Give me shelter, Haiti pleads
The psalmist this Sunday asks to be rescued and delivered so as to take refuge in the Lord, while the gospel speaks of a time when “severe famine spread over the entire land.” While the effort to find survivors in the rubble of Haiti’s earthquake winds down ...
The psalmist this Sunday asks to be rescued and delivered so as to take refuge in the Lord, while the gospel speaks of a time when “severe famine spread over the entire land.” While the effort to find survivors in the rubble of Haiti’s earthquake winds down, some 1 million newly homeless Haitians still need refuge and deliverance from homelessness and hunger.
The collapse of much of Haiti’s capital has left a large part of the nation struggling to find a place to sleep, and there are too few tents, let alone safe buildings, to put them in. Competition for the smattering of canvas homes has boiled over into arguments and fights, a sign of the desperation felt by the hundreds of thousands of homeless people struggling for shelter. Haiti’s president has asked the world for 200,000 tents and said he would sleep in one himself.
The International Organization for Migration has so far been able to fly in only a fraction of the family-size tents needed. As a stopgap the organization is trying to rush in tens of thousands of tarpaulins and plastic sheets--an upgrade for people miserably squatting under bed sheets or cardboard.
Two weeks into the quake catastrophe, food remains scarce for many of the survivors despite the efforts of the United Nations, the U.S. military, and scores of international aid agencies.
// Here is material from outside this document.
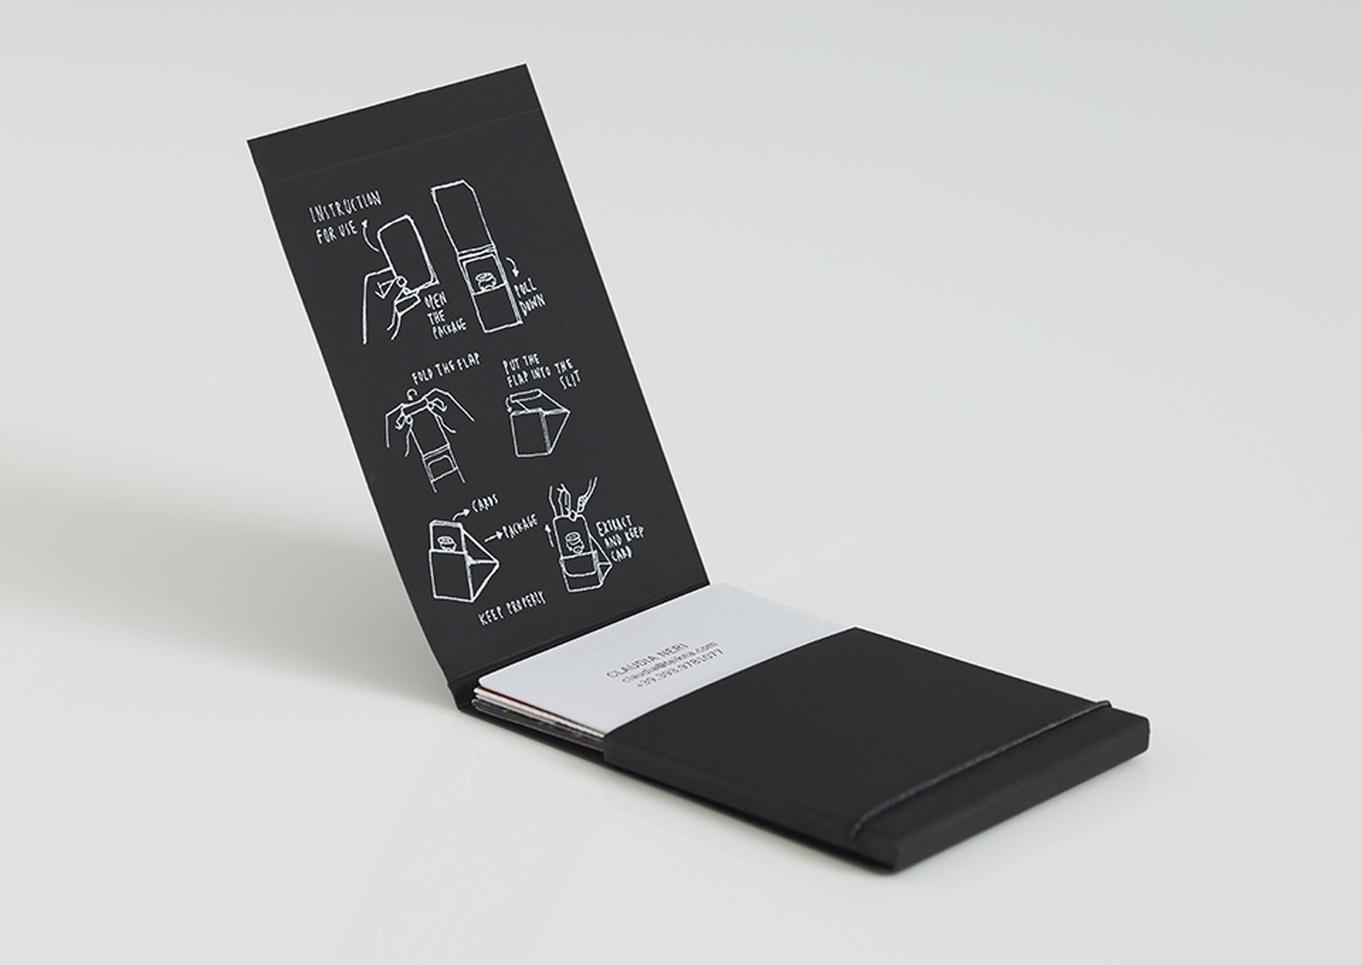 Teikna Design business card and display - Graphis

Haitian leaders said coordination has been poor, while relief experts said this disaster is presenting unprecedented challenges.
The World Food Program acknowledged that rising tensions and security incidents--including people rushing distribution points for food--have hampered deliveries. Since the first days of the massive relief effort, however, other problems have also delayed aid: blocked and congested roads, shortages of trucks, a crippled seaport, and the overloaded Port-au-Prince airport.
Particularly grave is the plight of many thousands of children scattered among Port-au-Prince’s makeshift camps. They have nobody to care for them, aid workers said, leaving them without protection against disease, child predators, and other risks.
“They are extremely vulnerable,” said Kate Conradt, a spokeswoman for the aid group Save the Children. She said U.N. experts estimate there may be 1 million unaccompanied or orphaned children or youngsters who lost at least one parent in the January 12 quake.